第3話 爽やかな香りに彩られる店内
なんでお母さんがここにいるのよ…私はようやく居場所を見つけたの!!両親が引いた道ではなく…自ら道を作って歩く道を私自身が作って歩いているの…その邪魔をしないでよ!!お客様達とも親交も深まって、お店も軌道に乗って来ているの…お母さんは知らないだろうけどね…この店は凄いのよ…お父さんの様に財力で全てを手に入れる事が出来ないものが…この店、ARIXIESには不思議と集まって来るの…
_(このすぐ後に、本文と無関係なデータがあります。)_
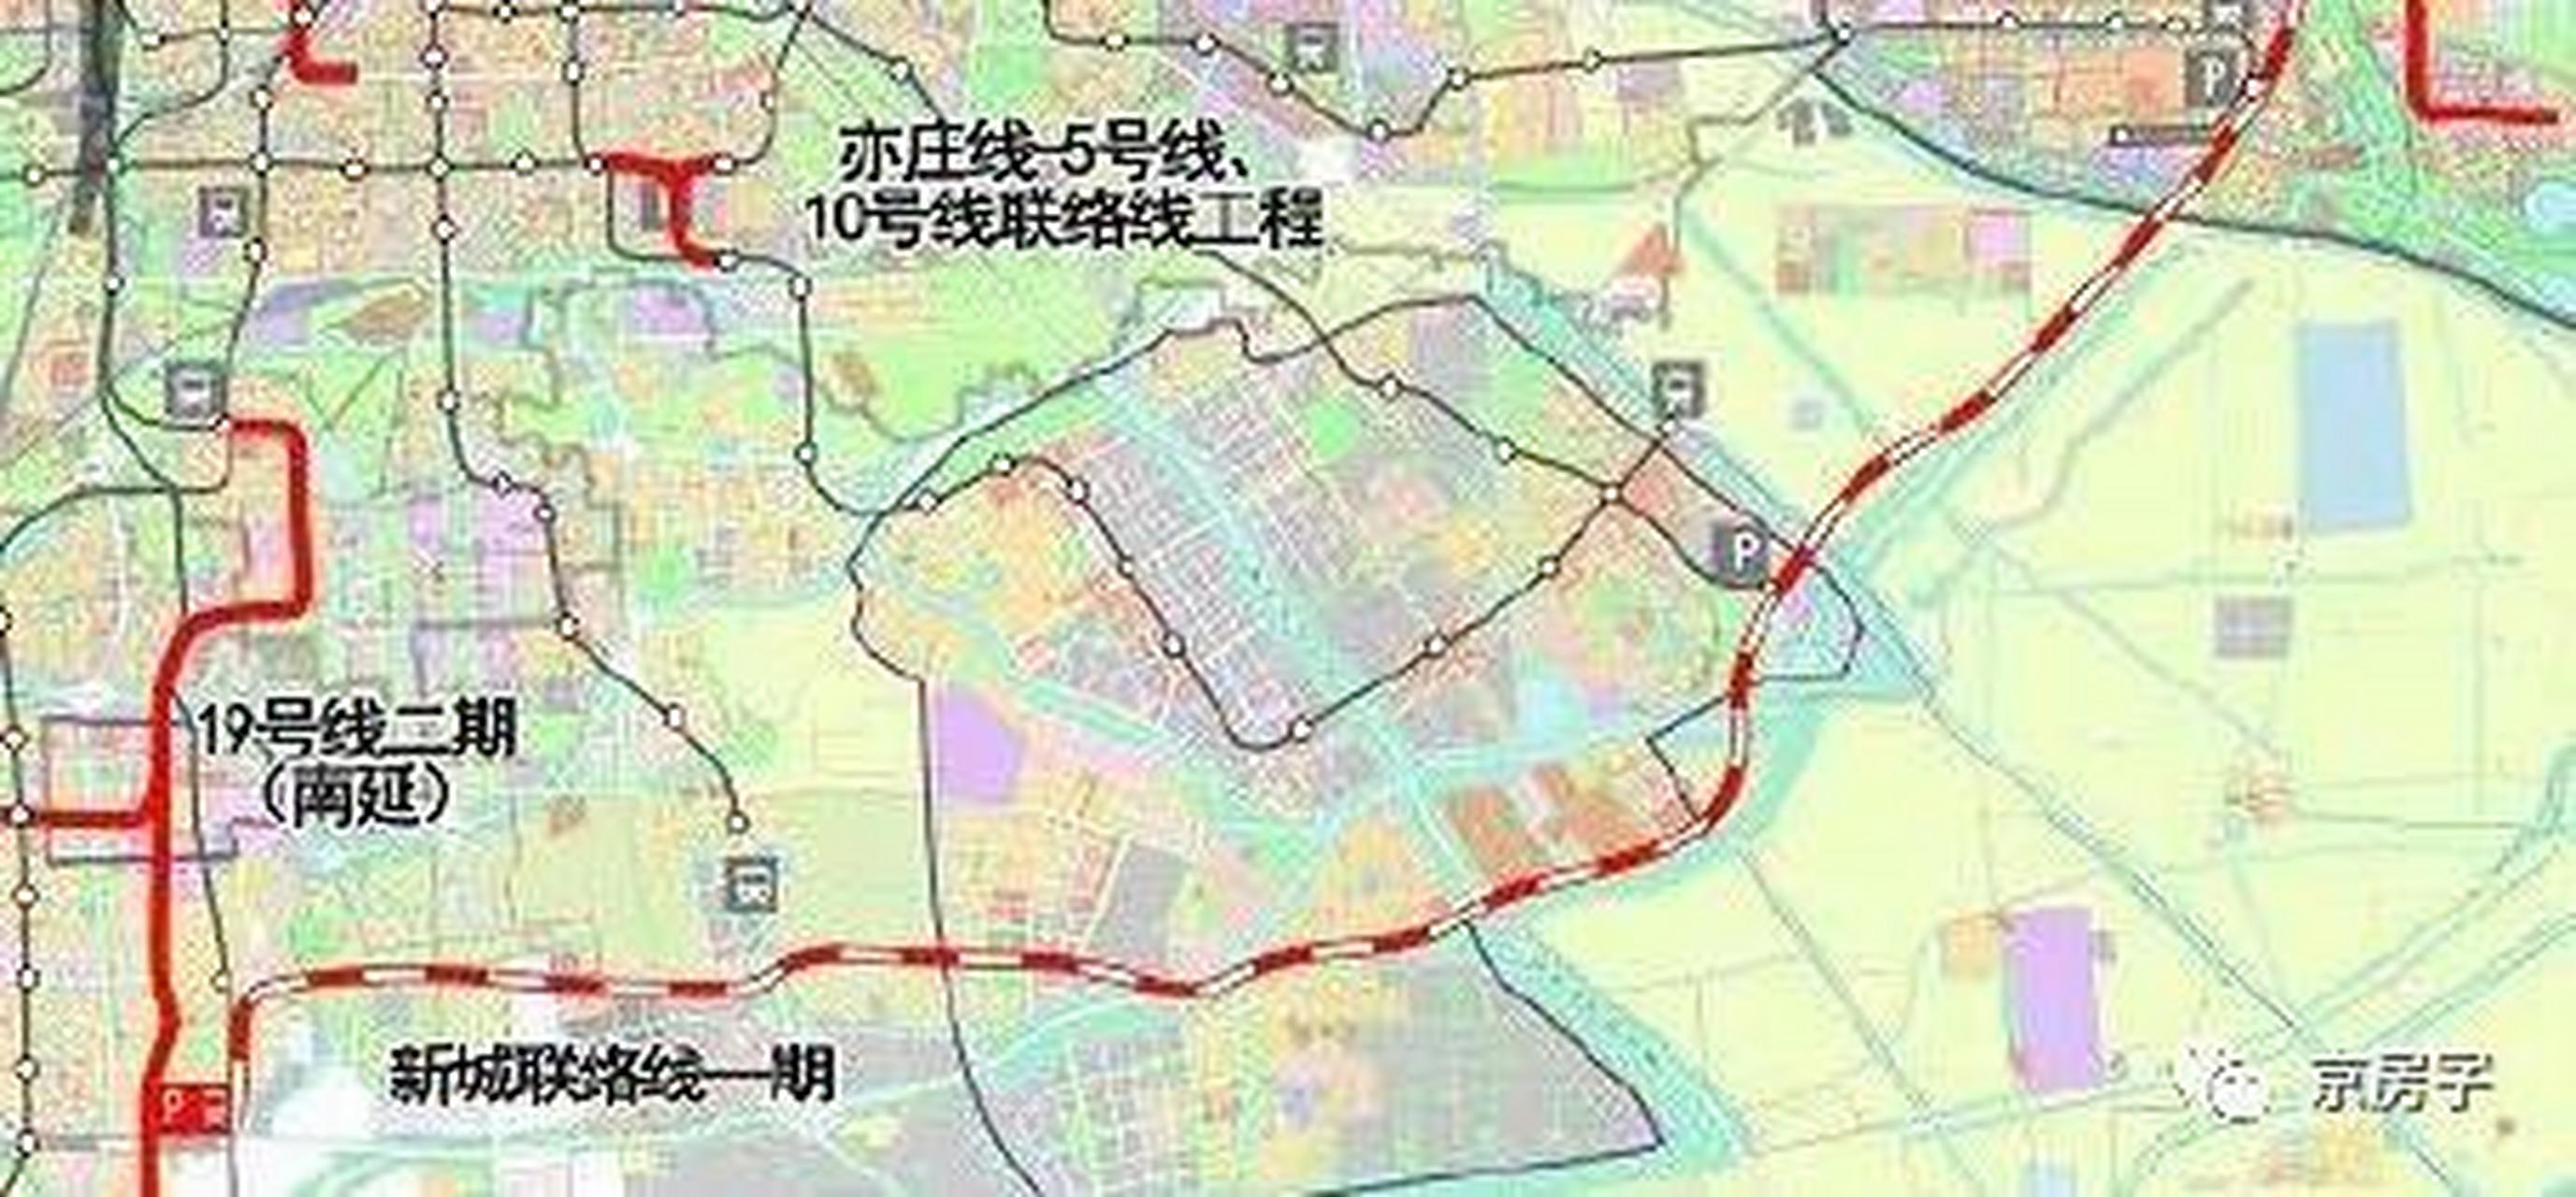 北京s6轨道交通线路环评公示,终于要开工了

(私は自らの居場所を犯されるのを嫌い、守る為に母親に歯向かいました。マスターに視線を向けても、あの人は相変らず、自らの力で乗り越えて見ろという視線を私に向けて来ていました。そして私は母に背を向けて、制服のジャケットを脱いでピアノの席に腰掛けると、母に語って弾き始めました)
聴いてよ…私…成長したのよ…
(ピアノをゆっくりとしたテンポで弾き始める。私も初めてこの店のピアノに触れた時には、衝撃を受けました。自然と手に馴染んで違和感なく弾けたからです。調整も一切せずに、私はマスターの許可を一回取っただけで、今まで弾き続けていました。すると、店の扉が開いて近くの店舗の方々が続々と来店して来ます)
いらっしゃいませ…ごゆっくり鑑賞して、お茶をお楽しみくださいね…
(母に視線を向けると、何も言わずに私のピアノを聴いてくれていました。そしてゆっくり私の元に近寄って来ると、肩に手を乗せ、優しい口調で語りかけて来てくれました)
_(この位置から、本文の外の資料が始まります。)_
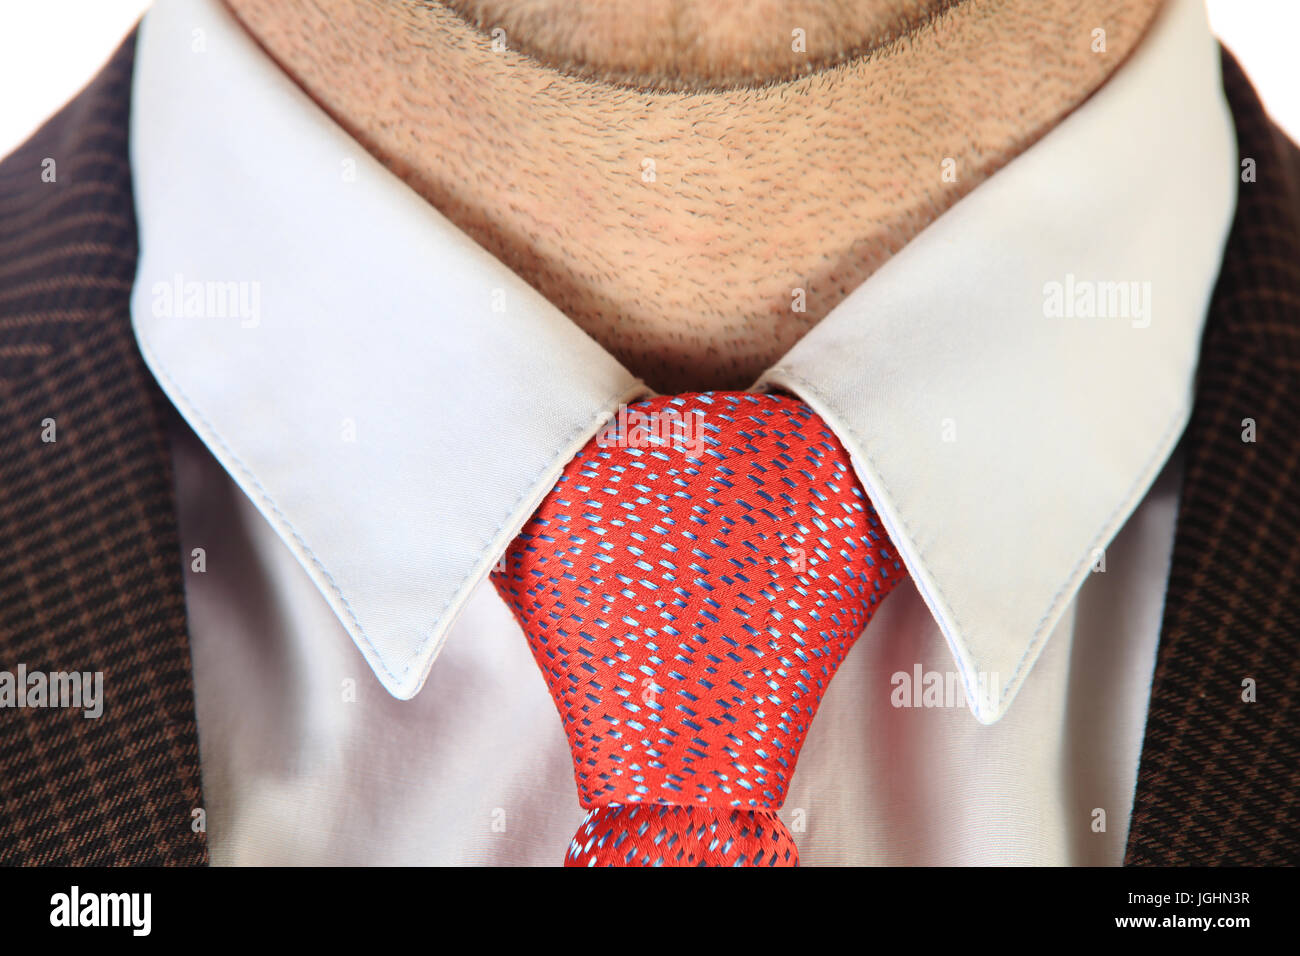 Cravatta rossa close-up. Cravatta rossa su una camicia bianca su imprenditore unshaved collo. Foto Stock

まだまだね…でもここに…バイオリンの演奏を加えたら…貴女の…弾き語りは更に良くなるのではなくて…絵美…
(近所の店舗の方達は立って聴く方、カウンターの席で聴くなどと、様々な方でいつもの店内になり始めていました。そして母の言葉に私は鍵盤を弾く指を止めて、母の方に視線を向けました)
お母さん!?いいの…
(すると、母は深いため息を付いて、私に語りかけて来ます。そして常連客の方達からは)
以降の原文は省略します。